By creating these external constraints, individuals can reduce the cognitive load of decision-making and increase the likelihood of following through on their intentions.

6. Embrace productive procrastination for overall progress

"Productive procrastination is the art of making progress on important tasks while avoiding even more important ones."

Strategic task-switching. While not ideal, productive procrastination acknowledges that some form of procrastination is likely to occur. By channeling this tendency towards other valuable tasks, individuals can maintain productivity and momentum.

Implementing productive procrastination:

  1. Create a list of important but less urgent tasks
  2. When avoiding a primary task, choose from this list instead of engaging in unproductive activities
  3. Set time limits for the secondary task to ensure eventual return to the primary goal

Examples of productive procrastination:

  • Organizing your workspace
  • Responding to important emails
  • Updating your to-do list or calendar
  • Completing small, quick tasks that have been pending

This approach helps maintain a sense of accomplishment and progress, even when struggling with a primary task, potentially building motivation to tackle the main objective.
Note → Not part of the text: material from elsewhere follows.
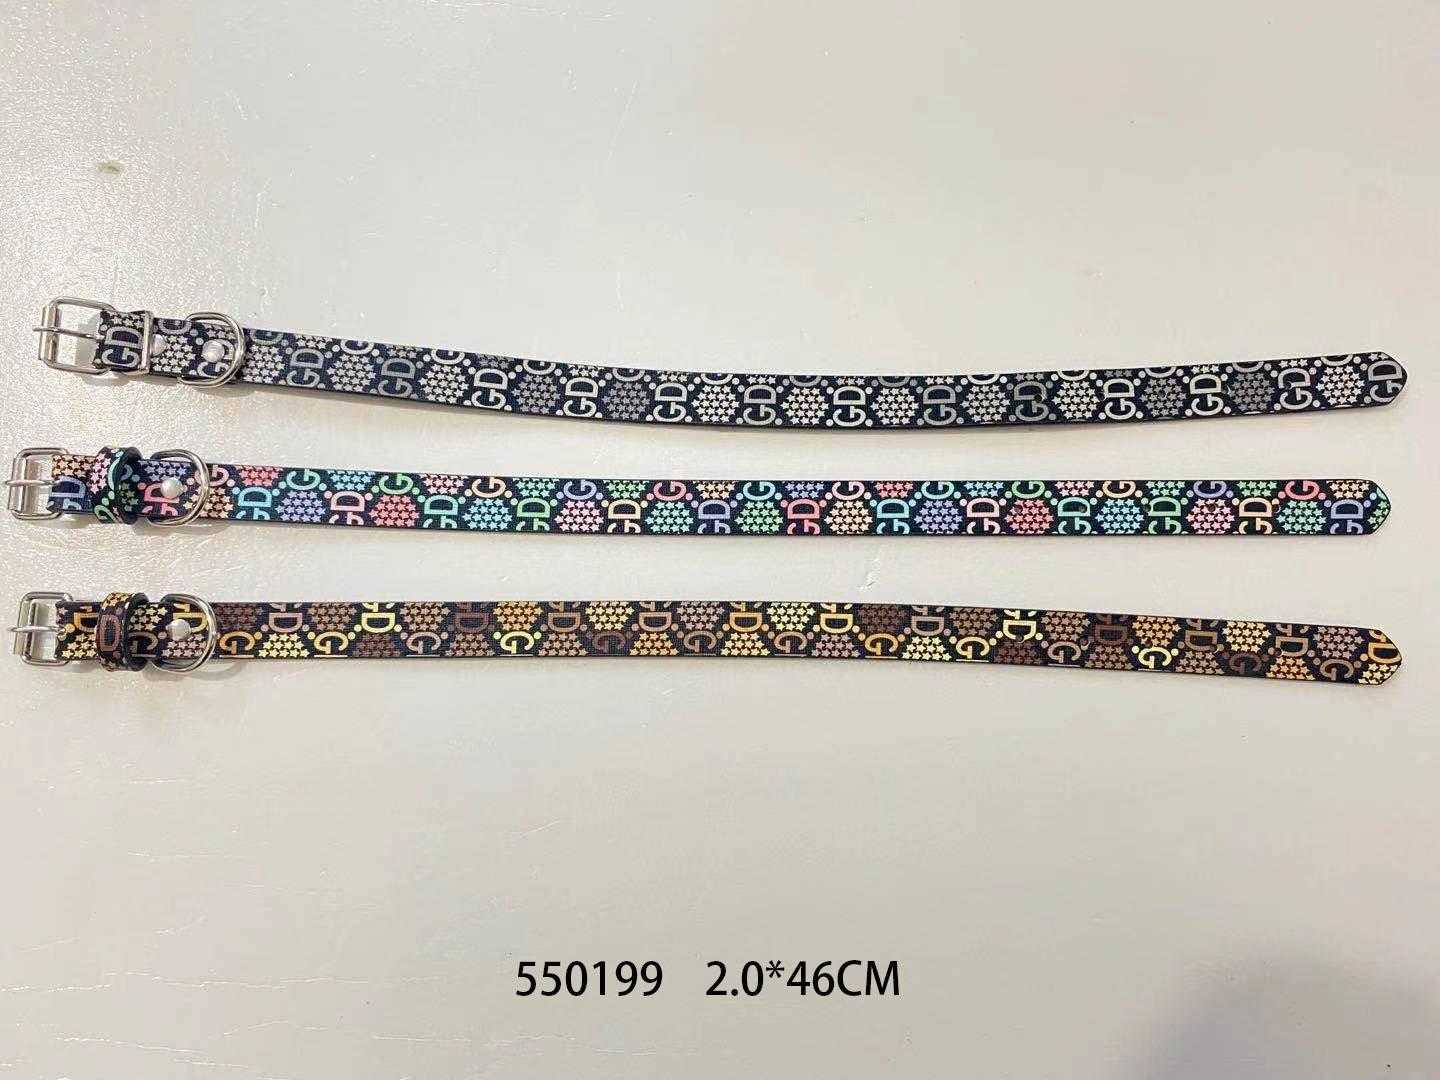 Collar - Dog collar - GD - 2x46cm - 550199
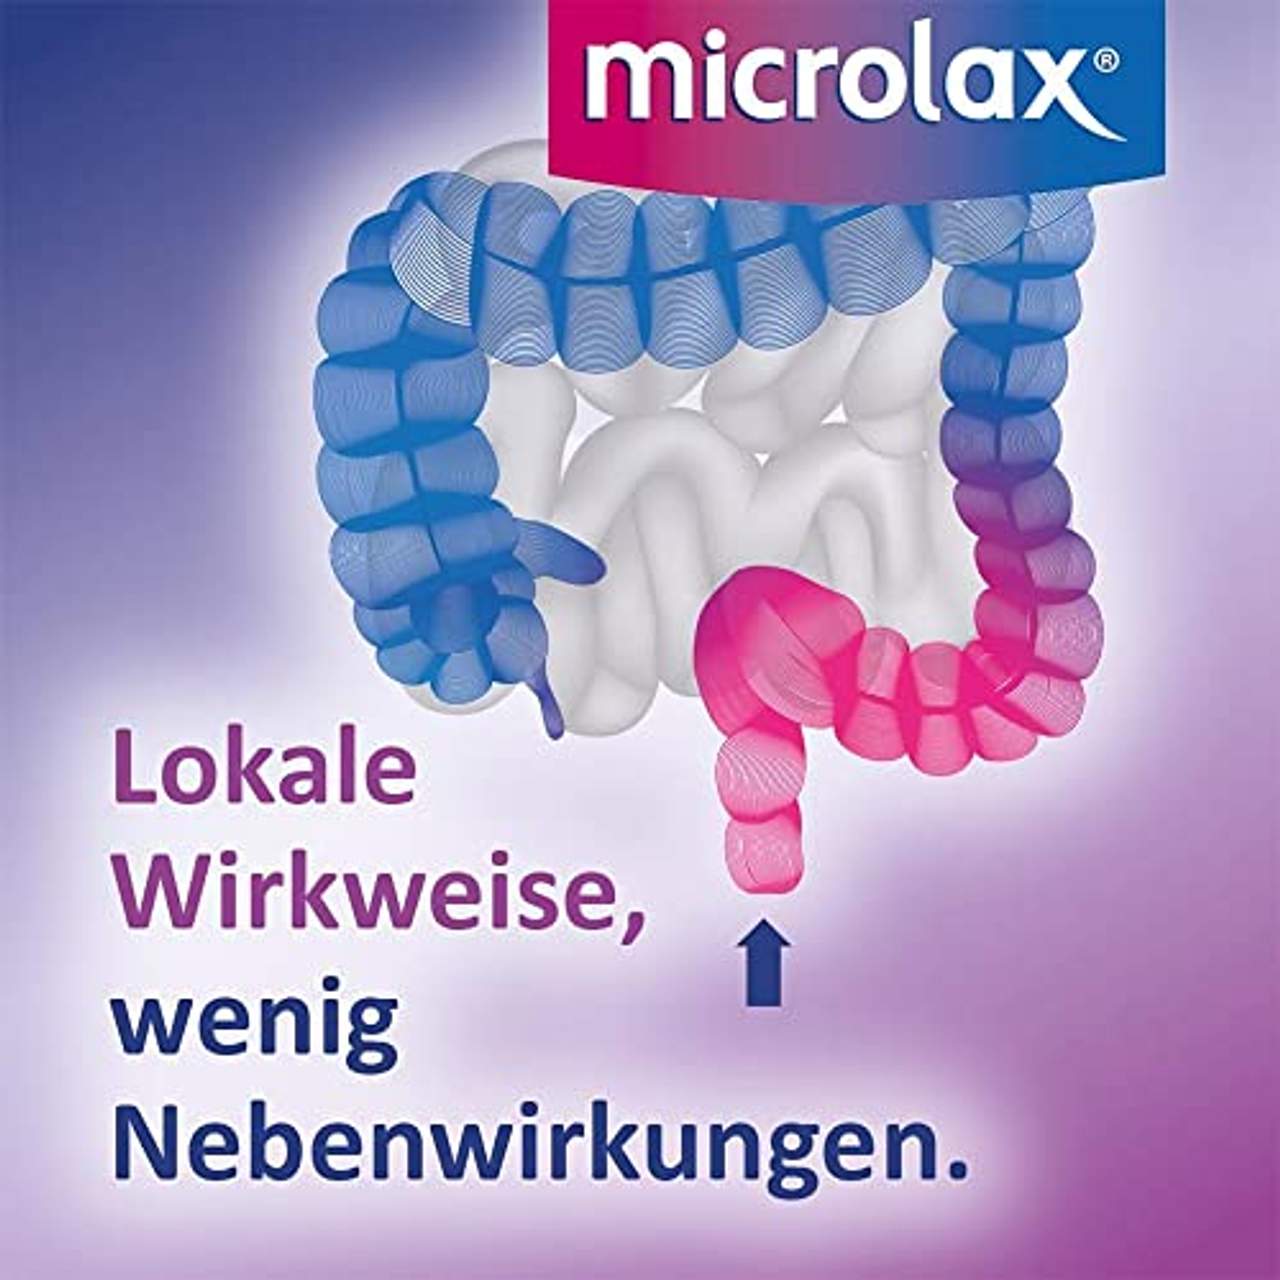 Microlax Abführmittel

7. Cultivate self-compassion to break the procrastination cycle

"Self-compassion is not self-indulgence; it's a powerful tool for motivation and personal growth."

Breaking the shame spiral. Self-criticism often leads to increased procrastination as individuals attempt to avoid negative feelings associated with their perceived failures. Cultivating self-compassion interrupts this cycle, allowing for a more constructive approach to challenges.

Practicing self-compassion:

  • Acknowledge difficulties without judgment
  • Recognize that struggles are part of the universal human experience
  • Treat yourself with the same kindness you would offer a friend
  • Use positive self-talk and affirmations
  • Celebrate small victories and progress

By fostering a more compassionate internal dialogue, individuals can reduce the emotional barriers to tackling difficult tasks and recover more quickly from setbacks.

8. Leverage social support and accountability

"Accountability partners can provide the external motivation and support needed to overcome procrastination habits."

Power of social commitment. Sharing goals and progress with others creates a sense of external accountability, increasing motivation to follow through on commitments. This social aspect can provide encouragement, feedback, and additional perspectives on challenges.

Implementing accountability strategies:

  • Find an accountability partner or join a group with similar goals
  • Schedule regular check-ins to discuss progress and obstacles
  • Use social media or apps to publicly track and share progress
  • Participate in challenges or competitions related to your goals
  • Seek mentorship from someone who has achieved similar objectives

By integrating social support into goal pursuit, individuals can harness external motivation and guidance to overcome procrastination tendencies.

9. Reframe tasks to align with personal values and goals

"When we connect our tasks to our core values and long-term aspirations, we find the motivation to overcome procrastination."

Increasing task significance. By consciously linking tasks to personal values and broader life goals, individuals can enhance their motivation and perceive greater meaning in their actions. This reframing can transform seemingly mundane or challenging tasks into important steps towards meaningful objectives.

Steps to reframe tasks:

  1. Identify core personal values and long-term goals
  2. Reflect on how specific tasks contribute to these values and goals
  3. Articulate the connection explicitly
  4. Visualize the positive impact of completing the task on your broader aspirations

Example reframes:

  • From "I have to study for this exam" to "I'm investing in my future career and personal growth"
  • From "I need to clean the house" to "I'm creating a peaceful environment that supports my well-being and family harmony"

By consistently practicing this reframing technique, individuals can cultivate a more purposeful approach to their tasks, reducing the tendency to procrastinate on important but challenging activities.